In 1936, however, the park became the home for a gift from the Pillsbury family: a statue called “Pioneers.” Three generations hewn from granite, staring hard into the distance. The statue gave the park its name: Pioneer Square.
For a while, it must have given the area an unpretentious charm. The park was serviceable. The buildings around, while old, made up a pleasant-enough tableau of old and older, small and tall. It was the textbook definition of a place the postwar urbanists would erase. The city didn’t need old buildings and an underused park. The city needed parking.
Pioneer Square is long gone. The statue was hauled off in 1967 and relocated in Northeast. The Churchill Apartments — a 33-story structure completed in 1981 — blocks off any chance to see the post office as a whole.
There are more residential units in the area, including the River Towers condos — these tall, rote 16- and 27-story slabs on the graveyard of the Gateway were finished in 1965. And there’s new housing on Washington Avenue, too.
But for all the residents, the area feels underpopulated, and that’s what the new proposals seek to fix.

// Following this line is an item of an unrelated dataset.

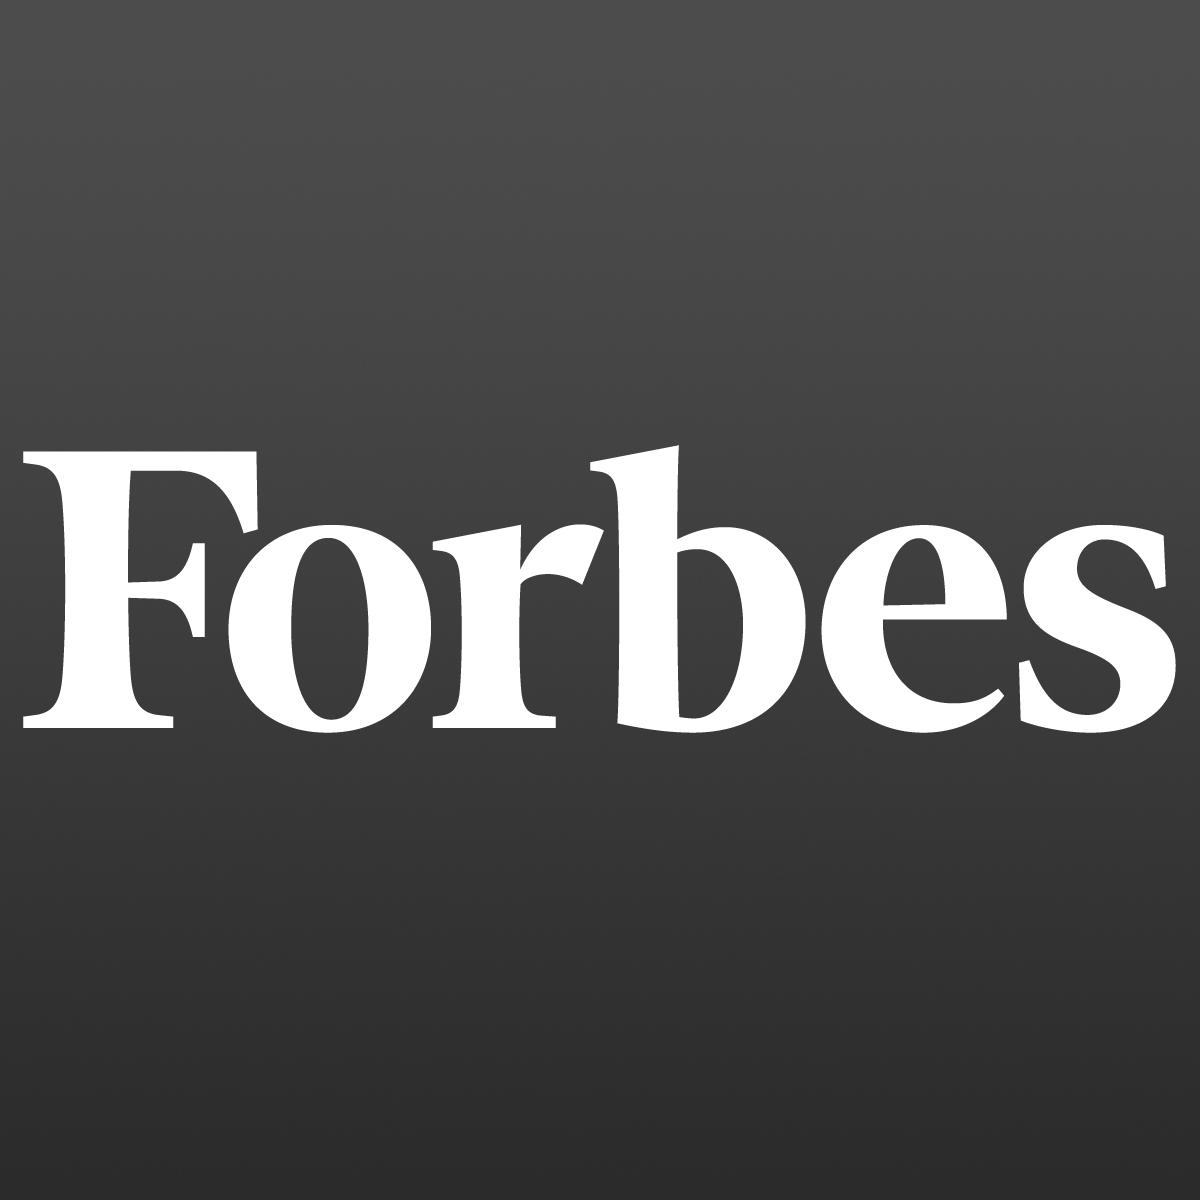 Forbes (magazine)

A good design, a market, a hotel. That’ll do it. Right?
But what if it’s unfixable?
Reconnecting downtown to the Mississippi is a good idea. And in some places along the river, we’re doing that already. The Mill Ruins, the Stone Arch Bridge, Gold Medal Park have brought the riverfront a long way from the days of industrial ruins and disuse. There’s even a waterfront park to the north of the post office, by the Federal Reserve Bank, although it’s not overly thronged or overly attractive.
The people envisioning a new future for the post office hope it will tie together the Downtown East segment of the river with the area north of Hennepin. The proposals displayed at the press conference were University of Minnesota student projects, blue-sky reimagining of the site. Most share the same idea: People will go to the post office site and walk down to the river, stroll around various plazas, and perhaps take selfies. It would be very nice.
But it’s likely that the post office will never be particularly popular. The action will always be down at the Stone Arch Bridge. Best to have modest expectations, perhaps. If the post office is decommissioned and redeveloped, a mix of office space and residential, with the obligatory hotel (it seems we can’t have too many boutique hotels) may keep the site alive and reasonably populated.
But the post office can’t help downtown connect with the river. Its entire design was intended to accomplish the opposite, to be a wall between the city and the gritty banks of the Mississippi. It’s caught between the 3rd Avenue Bridge, which seems to form a subconscious boundary to the East Bank’s river development, and Hennepin Avenue.
The post office must be saved, of course. But it’s not a savior.
One of the U of M students suggested creating a postal museum inside the post office. No offense to philatelists, but it’s unlikely that tourists would pour in, even if the museum had interactive exhibits and touchscreens that let you look at old wanted posters.
The main hall is a gorgeous vault of buttery stone, stark black granite and Moderne designs. Left exactly as it is, it will be a postal museum. It’s also a time capsule the likes of which few cities can boast: an untouched example of everyday life in the Depression, a gleaming hall of gold in a time of lead and cement.
We were supposed to have admired the Minneapolis post office from a park, but that’s gone. The building is now a stage without an audience. Now we’re supposed to use it as a means to enjoy the river that it was built to shield people from.
It’s not the best situation, but at least we’re debating what to do with it, not how to replace it. As its builders might have said when they first threw open its doors and let people marvel at the beauty within: This is called progress.